The best argument against Anova is to show how the analysis will look like if we used parameter estimation instead. As I already mentioned Anova can be abandoned in favor of regression. Most psychologists think of linear regression. However, the approach extends to general linear models of the sort $y=f(b_0+b_1\cdot x_1 + b_2\cdot x_2 \dots)$. Linear regression is just a special case where $f(\cdot)$ is the identity function $y=x$.
When the outcome variable takes binary values $0,1$ then it is better to use logistic regression. Here the link function is the logistic function $f(x)= 1/(1+e^{-x})$. As with any kind of data the default approach in psychology research is to analyze binary outcomes with Anova. Let's see what are the consequences.
In this demonstration we will take a look at a study by Mussel and colleagues published in JDM.

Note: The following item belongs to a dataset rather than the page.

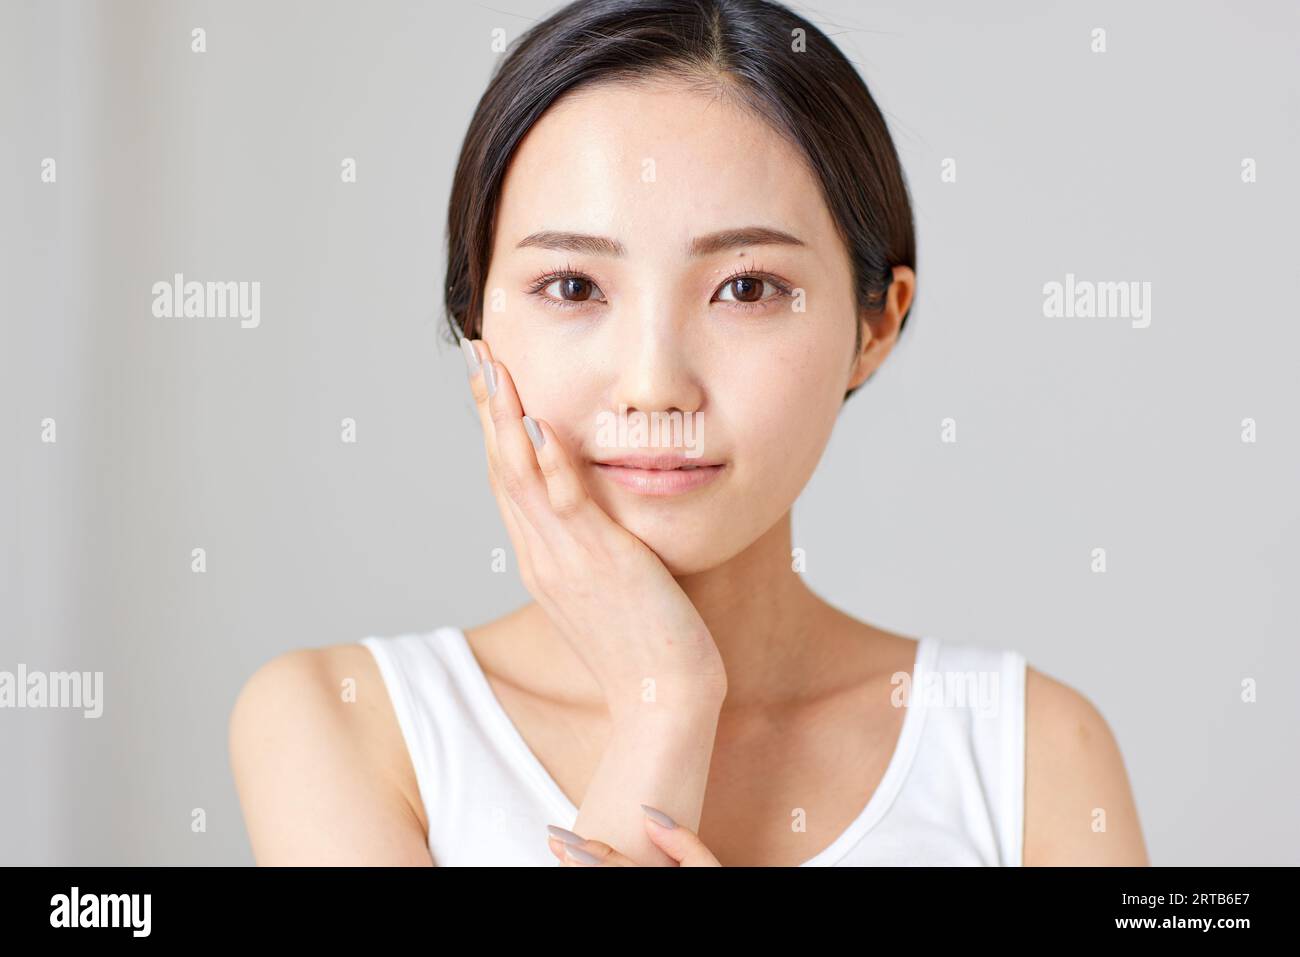 Young Japanese woman beauty portrait Stock Photo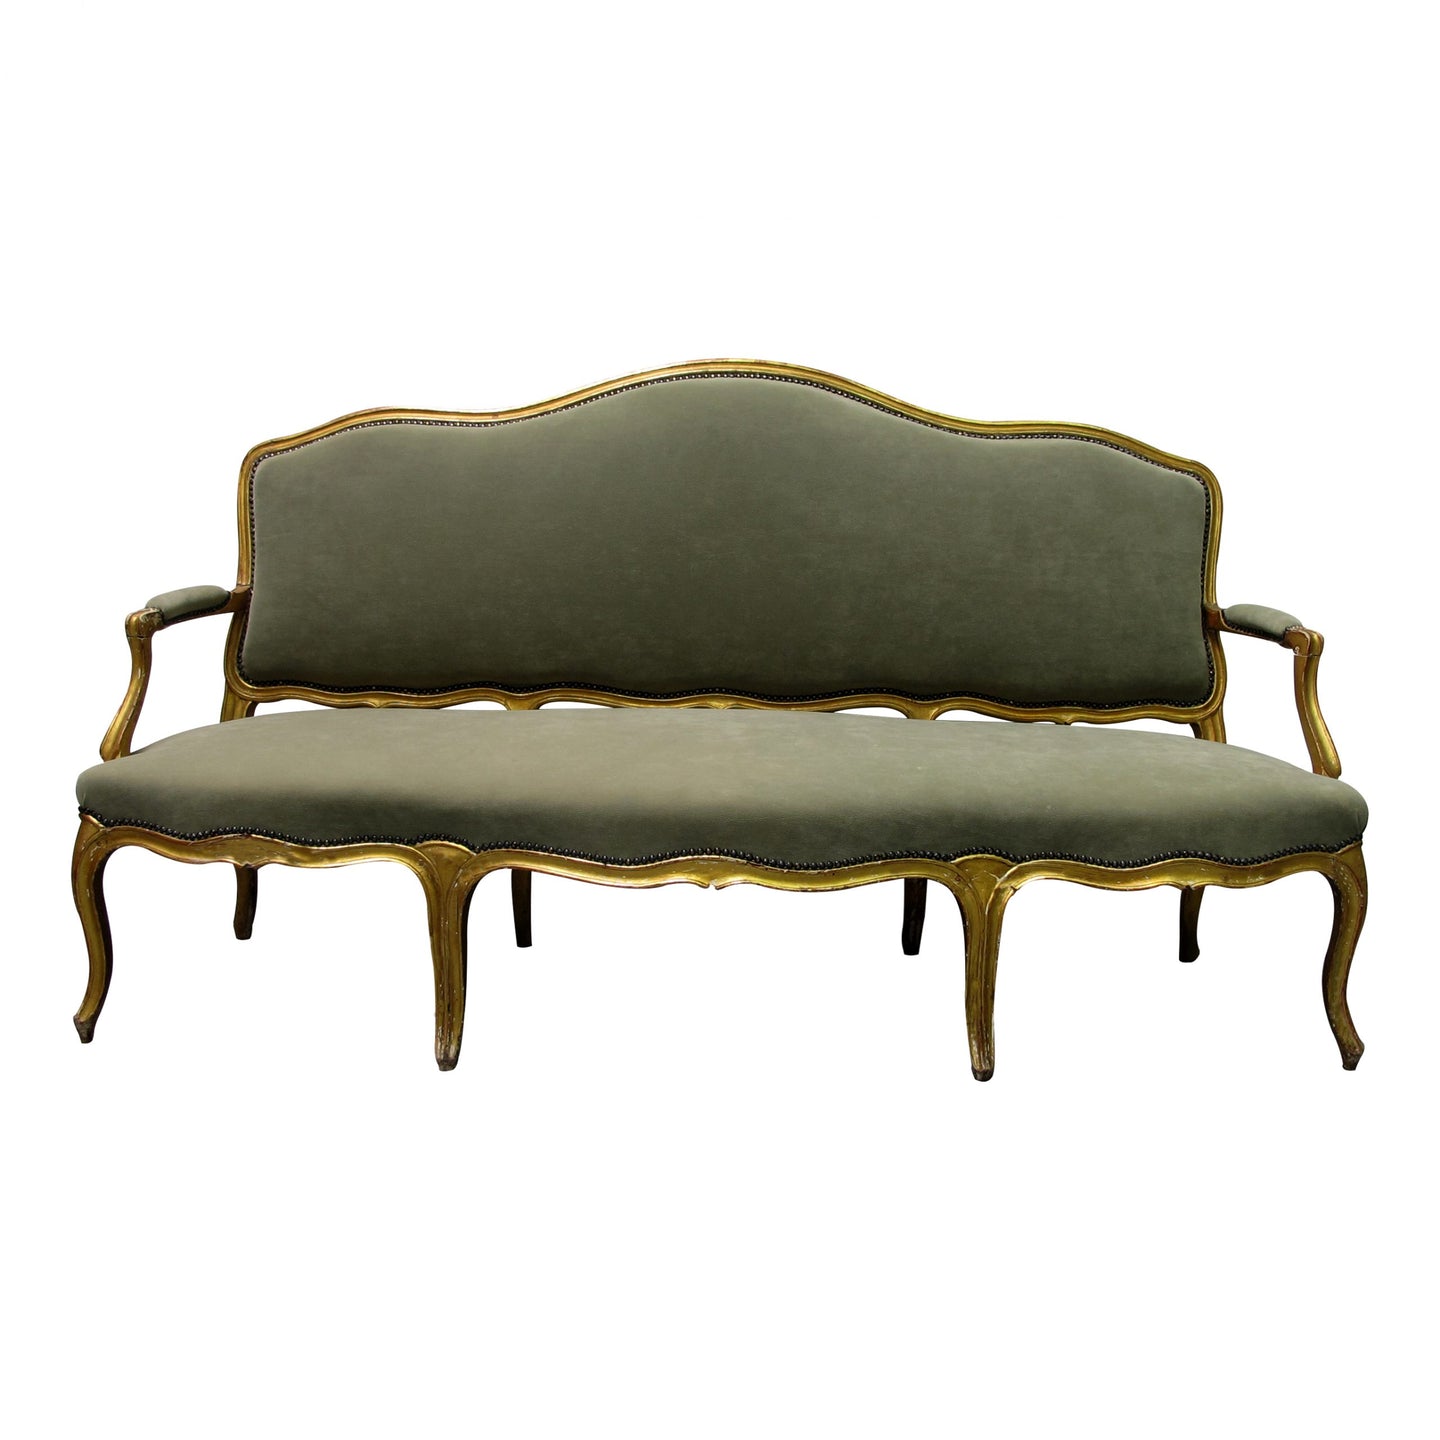 Late 19th Century French gilded sofa, Louis XV style

The study investigated whether a smiling/angry/neutral face influences collaboration in an ultimatum game (i.e. prisoner's dilemma with no iteration). The subjects were shown facial expression of the opponent avatar and the amount of money he offered. Then they were asked whether they wish to collaborate. The opponent could propose to share a fraction from the total of 14 cents. The offers ranged from 7c (overly fair) to 1c (unfair) in 1c steps and subjects decided whether they accept the offer or not. The authors also varied whether the face was male or female. The combination of these factors gives us 2x3x7=42 stimuli. Each of 1326 subjects was shown all 42 stimuli in random order and either collaborated (1) or not (0). Trial ended if subjects failed to respond within a 3 second time limit. In the data set these trials were marked as missing values. Next, authors replaced missing values with subject-wise averages. They then analysed the data with a repeated-measures Anova with two factors: fairness (7 levels) and face expression (3 levels). As the high N suggests both main-effects and their interaction were significant.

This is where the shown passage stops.